What happens when the Hub restarts?

On gitter, @betatim mentioned:

which made me realise i don’t actually know what happens if the hub pod restarts: does it reconstruct a view of the world from the running pods and proxy routes or does everyone get disconnected or …?

so I thought I would sketch out what’s going on when the Hub restarts, to help folks have a good understanding of what it means to restart the Hub.

tl;dr The short answer: JupyterHub is designed such that restarting the Hub should result in only a minor disruption of service. The question was in the context of Binder, which happens to be even more robust to Hub restarts. The only consequence for Binder users when the Hub restarts should be a possible increase in launch retries for launches pending while the Hub restarts.

Why would the Hub restart?

One of the reasons for making hub restarts minimally disruptive is that to update any configuration, the Hub process must be restarted. So if restarts are going to happen often, we don’t want them to be too disruptive! This also leads to the mantra of the z2jh deployment maintainer: When in doubt, delete the hub pod.

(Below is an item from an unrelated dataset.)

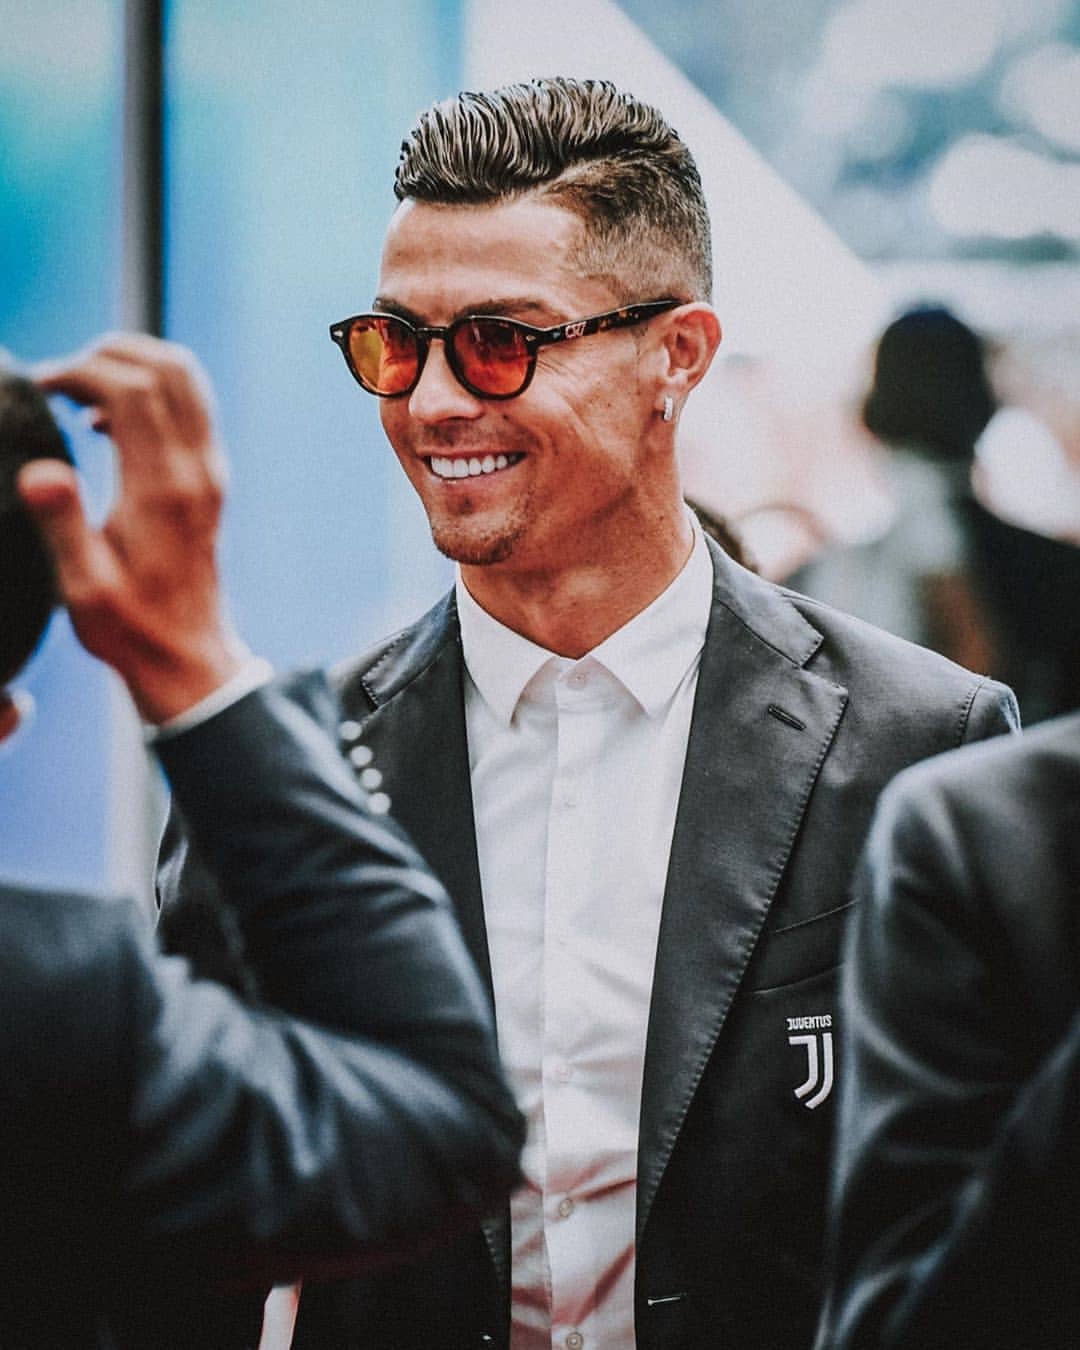 Hình ảnh Cristiano Ronaldo là một trong những thứ khiến các fan cuồng của anh ta không thể bỏ qua. Trong những bức ảnh này, bạn sẽ được trải nghiệm rõ hơn về nhan sắc điển trai, tài năng bẩm sinh và sự nghiệp huy hoàng của siêu sao bóng đá này.

But how is that disruption minimized? Two things happen when the Hub is restarted:

  1. any state of the Hub will be reset, and
  2. the Hub is not running for a (hopefully brief) period

Hub state across restarts

Let’s start with the state. This is why JupyterHub stores its state in a database! Most of JupyterHub startup is reconstructing its state from the database and ensuring everything’s in order. This includes running servers, the proxy routing table, valid authentication cookies and tokens, etc. In an ideal case, restarting JupyterHub will result in no changes in this state at all.

note: the routing state of the proxy lives in the proxy itself. So while the Hub restarts (if the proxy is not also restarted), the routing table will remain the same as when the hub stopped, and will be reconciled with running serves (if there were any changes while the Hub was down, typically user servers stopping themselves). Conversely, since proxy state lives in the proxy, restarting the proxy will result in all connections being severed until the Hub notices and repopulates the routing table, typically on an interval of between 30 seconds and five minutes. Alternative proxy implementations such as traefik allow the proxy table to persist across proxy restarts, eliminating this disruption as well.

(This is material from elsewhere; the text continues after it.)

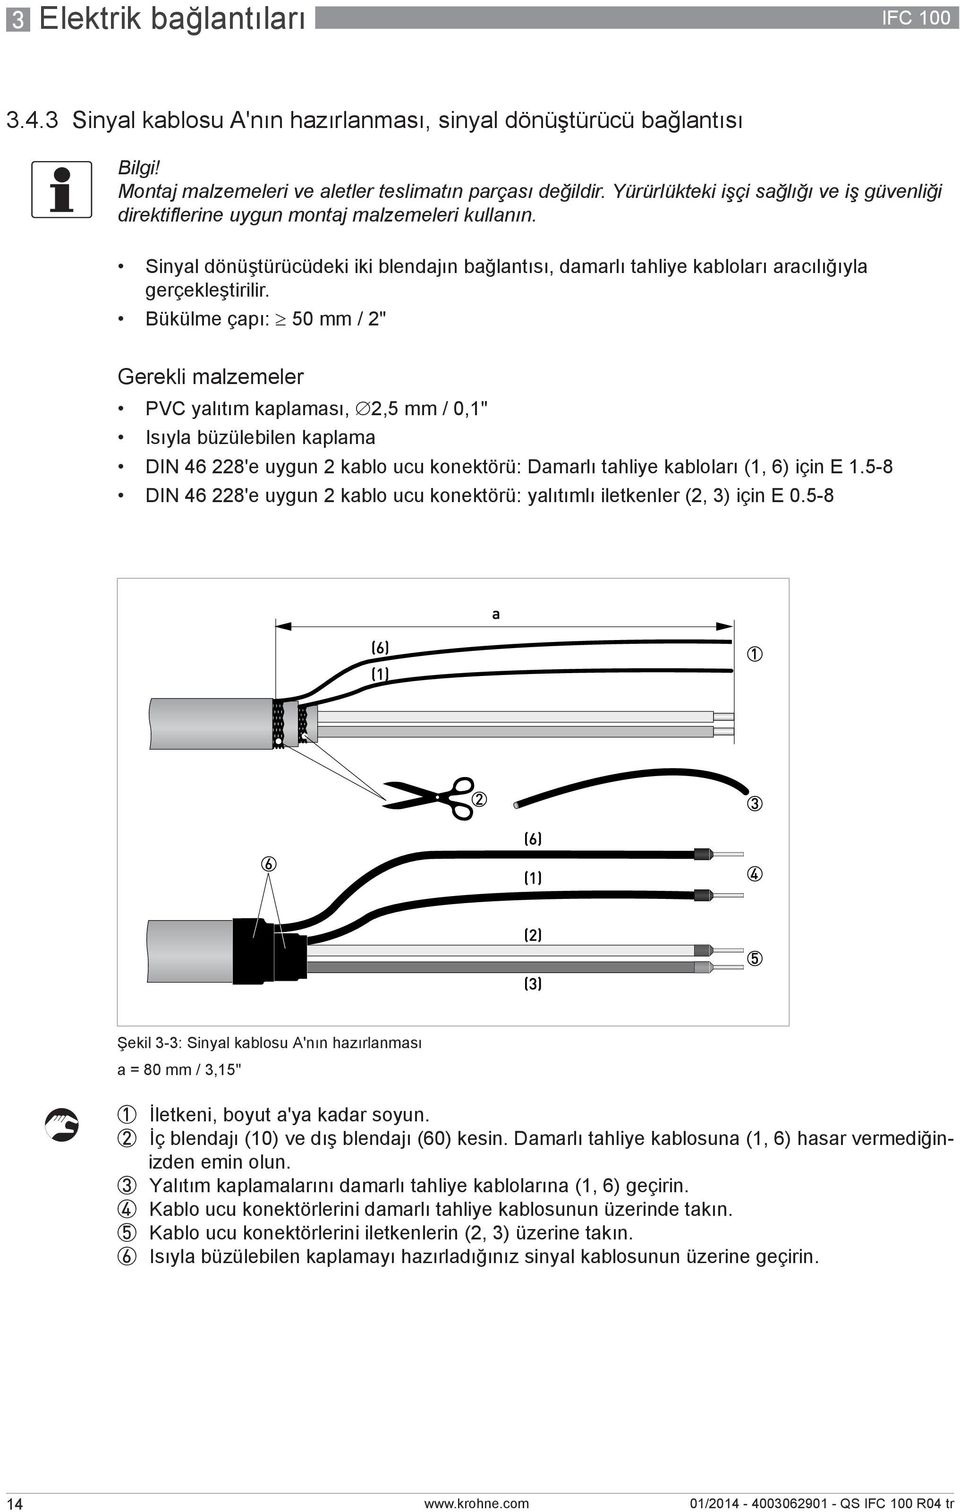 Bükülme çapı: 50 mm / 2" Gerekli malzemeler PVC yalıtım kaplaması, 2,5 mm / 0,1" Isıyla büzülebilen kaplama DIN 46 228'e uygun 2 kablo ucu konektörü: Damarlı tahliye kabloları (1, 6) için E 1.

What about already running servers?

The more pressing issue is what happens while the Hub is (briefly!) down, during which time things that the Hub does are not going to happen until it comes back. So what is it that the Hub does?

Let’s look at a diagram of the pieces of JupyterHub:

The first thing that’s definitely not going to work is anything where browsers talk directly to the Hub. That’s any request with /hub/ in the URL, so things like:

  1. new server launches
  2. stopping servers
  3. logging in/out
  4. accessing the admin interface, etc.

Hub actions are designed to be infrequent: users should spend a relatively small fraction of the time starting servers, and most of the time using them once they are running.

Now, let’s consider those users with servers already running when the Hub goes down. When a browser makes a request to JupyterHub for a running server, that request is routed directly to the notebook server by the proxy. The Hub is not involved! If the Hub is gone, that request will begin completely uninterrupted. The Hub comes into play when the notebook server authenticates the request. It does so by initiating OAuth with the Hub. If this is a new browser, this OAuth process will fail while the Hub is down. However, completed OAuth is stored in a cookie, so if the browser already authenticated before the Hub went down, the Hub is not consulted and the request completes uninterrupted.

So that’s the main interruption:

  • requests to single-user servers that need new authentication will fail during oauth
  • requests to single-user servers from already authenticated sessions will be fine

What about Binder?

The original question was in the context of Binder, which adds a layer on top of JupyterHub. Critically, Binder users never make requests directly to the Hub, only to running servers. The only communication with the Hub comes from BinderHub itself, which makes API requests:

  1. create a user
  2. start their server
  3. wait for the server to be ready (ready means: running and with an active proxy route)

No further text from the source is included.